§ Mr. MilburnTo ask the Chancellor of the Exchequer, pursuant to his answer of 30 June,Official Report, column 467, what is the expected loss of United Kingdom revenues from tobacco duties arising from the removal of fiscal frontiers; what increased level of tobacco imports this represents; and what action he will take in response to these changes.
§ Sir John Cope[holding answer 5 November 1992]: The removal of fiscal frontiers will improve trade opportunities for both imports and exports. However, commercial imports of tobacco and other excise goods will remain subject to United Kingdom rates of duty before they can be sold in the United Kingdom and there will therefore be no change in the volume of commercial imports or exports arising from the difference between United Kingdom rates of duty and duties in other member states.
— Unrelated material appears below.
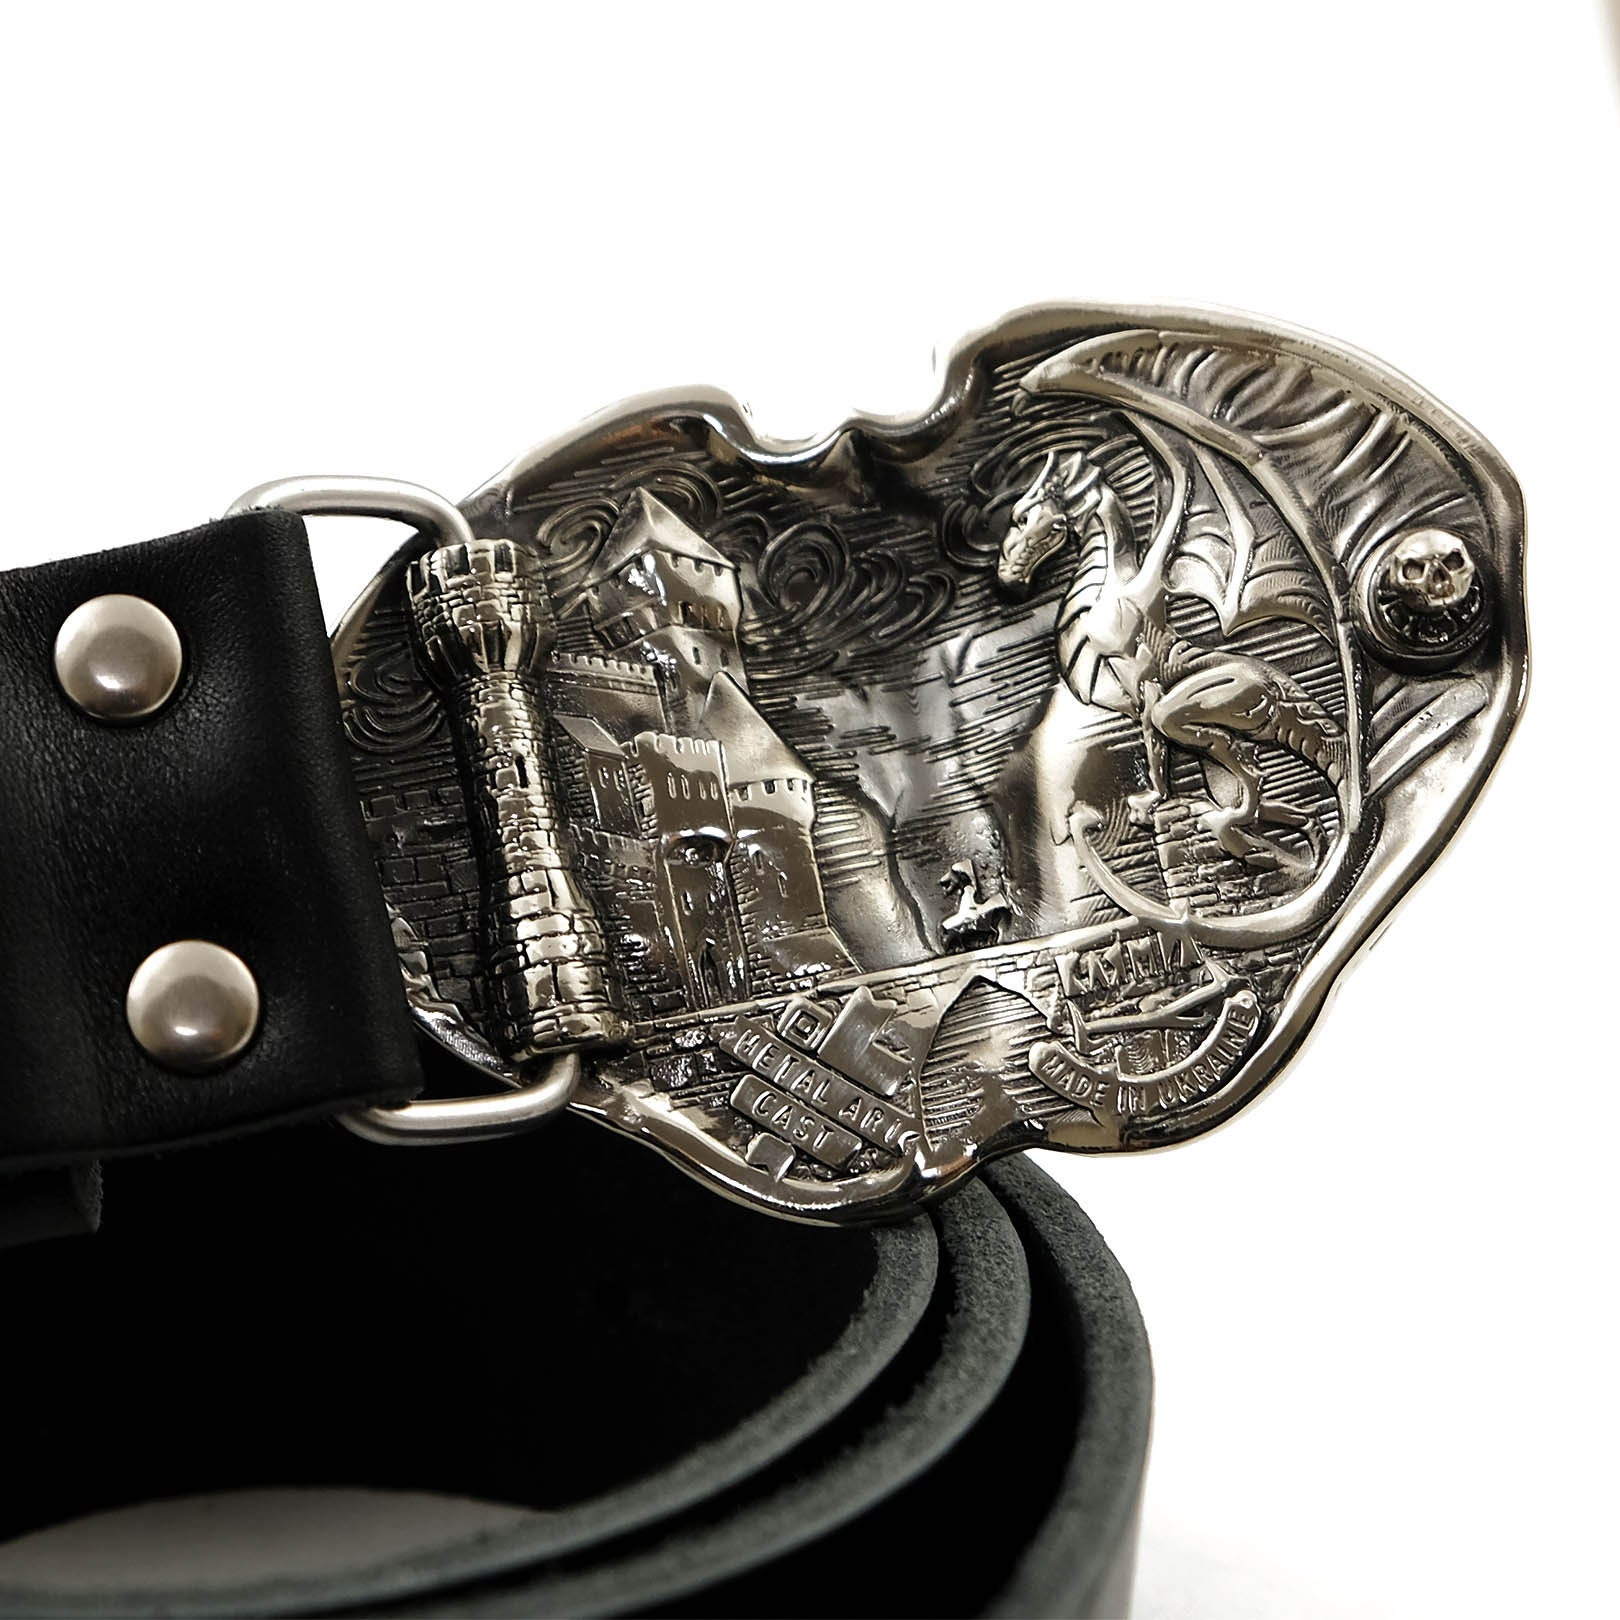 Boucle de ceinture de tête de dragon sur la ceinture en cuir - Etsy France

The removal of fiscal frontiers is expected to result in an increase in levels of cross border shopping for personal consumption. An estimate of £250 million for the revenue loss associated with personal importation of all excise goods was included in my right hon. Friend's 1992 Budget judgment—see "Budget Report and Financial Statement 1992–93", page 56.
To adapt to the new circumstances of the single market, Customs have developed a new control strategy based on flexible anti-smuggling teams. As the focus of controls on EC trade is moved away from the physical frontiers, these mobile teams acting on intelligence, focused risk assessment and profiling will replace traditional systematic Customs checks at ports and airports.